He is speaking about his family history and its ties to a part of Wales I have spent some time. The presentation is beautiful, and everyone in the room is spellbound by his descriptions of the objects from his family’s history and the deeply sad story they tell.
He describes walking recently down the road where his great grandfather had been found many many years ago, and marvelling at the wildness of the hedgerows, somehow chaotic and contained at the same time. I know these hedgerows. I have gazed at them up close in the same way this man I do not know describes doing.
He shows a picture of the hedgerows, and something odd happens to my heart. It wobbles a little, shaken by something like nostalgia, like grief, like the kind of sadness one feels for a friend going through a difficult time, except that the sadness is for a past version of myself.
When I wandered along those hedgerows it was summer. I wore gumboots and sometimes a rain jacket.
Sometimes I wandered as part of a little troupe, and we would sing each other silly songs, and pluck sticky weed, a plant I know as cleavers, from the hedgerow and stick it to one another. On these ventures I learned to recognise stinging nettle, and the other plants in the chaos of the hedgerow that would help ease the pain of a too-close encounter with the nettle. On one occasion, one of my wandering companions pointed out a delicate and tiny orchid, and told us all she knew about the plant.
Other times I wandered just with one other, often at dusk, my favourite time of day, and she and I would talk about the things that were making us sad, the answers we were trying to find in our lives. We would stop to look at the sun setting, and at cows in the fields. I’m not sure we found the answers, but I think what we grew between us on those evening walks along the hedgerows was some kind of hope—the kind of hope that a growing friendship feeds.
In Wales I also walked up a mountain, explored castles, dug potatoes, checked fields for molehills. I removed ivy from trees—an activity involving considerably more effort than that short phrase implies, with small axes and other tools, scrabbling through undergrowth and small branches, and as much brute strength as I could muster—and built and burned a bonfire. Of course, when I say “I” there, I really mean “we”.

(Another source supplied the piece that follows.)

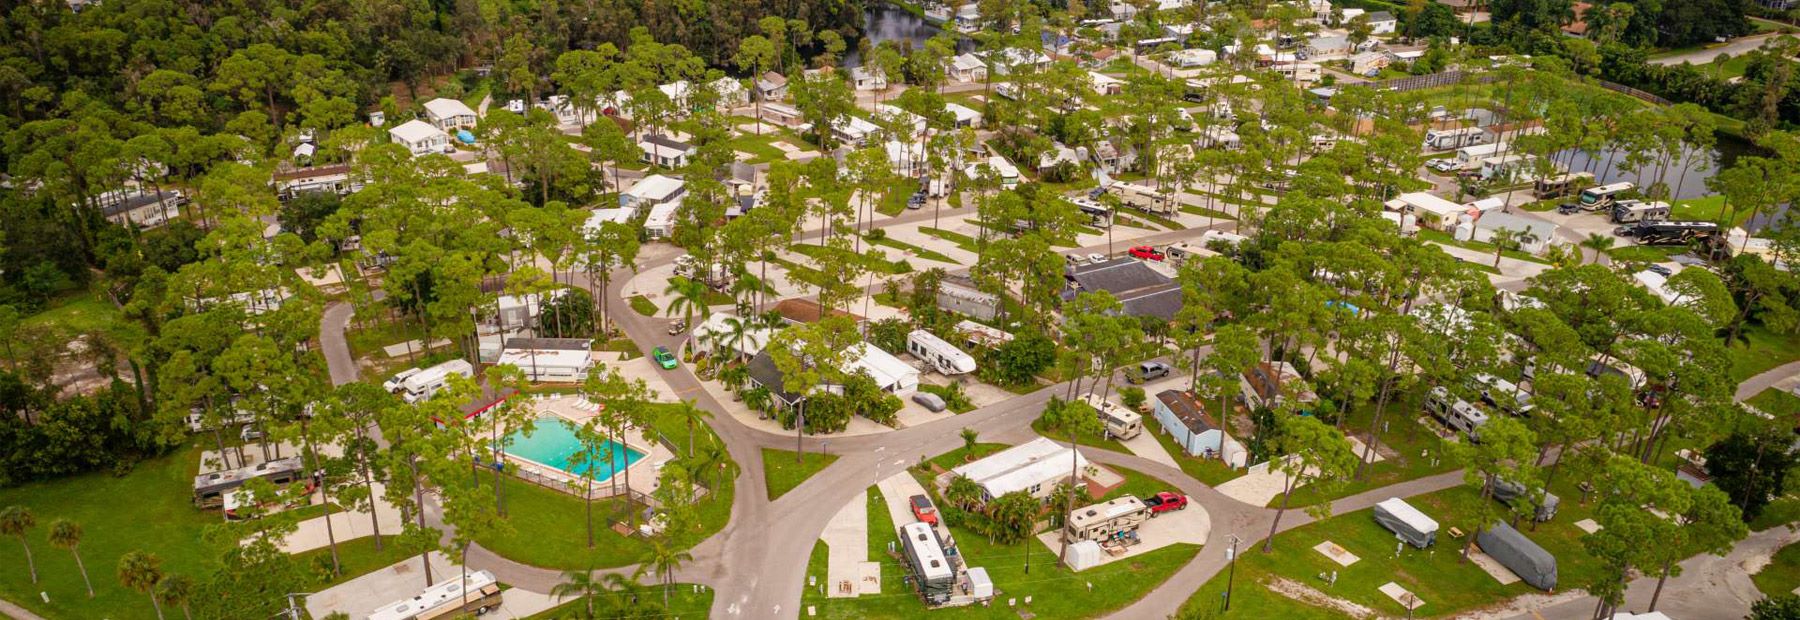  Woodsmoke Camping Resort Fort Myers

Listening to this man’s presentation, a year after my own introduction to the hedgerows, I’m realise I’m finally beginning to understand the kind of room my heart made for the country I walked through then, and the people I walked with. I’m also seeing the depth of the fog that surrounded me at that time, and that perhaps it was a necessary buffer. As that fog has lifted, slowly, a gratitude for that time, those people, and that place has settled in its place.
Later, at the pub, this man and I talk very briefly about our different connections to the place in his presentation. He tells me he’s spent very little time there himself, but its presence has haunted his family in the generations that came after his great grandfather’s death. I tell him a little about my time there, and I’m struck by the way this place is associated with sadness in each of our stories, and with a shift in the direction those stories.
For him, this shift happened before he was born, and his exploration of it is in part an attempt to understand how it’s contributed to where he finds himself now. For me, this shift is something much more recent in my past, and I have a feeling that it will still be quite some time before I can see the impact it’s had on the wandering of my life.
All I know so far is that I think of the hedgerows, and those wanderings along them, often. They are vivid in my memory—the voices of my wandering companions, the soft quality of the light, the quiet of the countryside, the texture of the different plants, and the scent of them.
I’ve been thinking a lot about how things leave traces on us, and how those traces are not always obvious. Even when they’re felt, we can’t always understand what they really mean, or will mean. I may spend the rest of my life not fully understanding the traces left by the time I spent in Wales. And maybe this is what that man’s presentation showed me—that the traces of a place and things that happen in a place may be felt generations later, and perhaps still not understood.
Threads and spaces between have been concepts at the forefront of my mind for some time now. In my own talk at the conference where the man spoke about the Welsh hedgerows and his family, I spoke about sound as a medium that creates what sound theorist Brandon LaBelle calls ‘relational space’. This is an important argument for my thesis—and is both figuratively and literally true—but I also think that, at least figuratively, the same might be said for any of the senses. They are an opportunity to perceive relational spaces and to notice the threads that run through them.
I’m still not quite there in trying to understand my time in Wales and what it’s meant for me. The threads are still loose here. But maybe that’s an interesting point at which to pause, and just to notice the slack in the weave.
I think of my mother’s knitting. The way she weaves together threads of yarn over many hours, in stages, on and off, to make a garment; the way she unravels parts or all of that garment if the finished piece doesn’t quite work, and starts again.
The things she makes are always beautiful, for all that weaving and unravelling and re-weaving. Maybe I’m still unravelling Wales, so I can begin weaving again.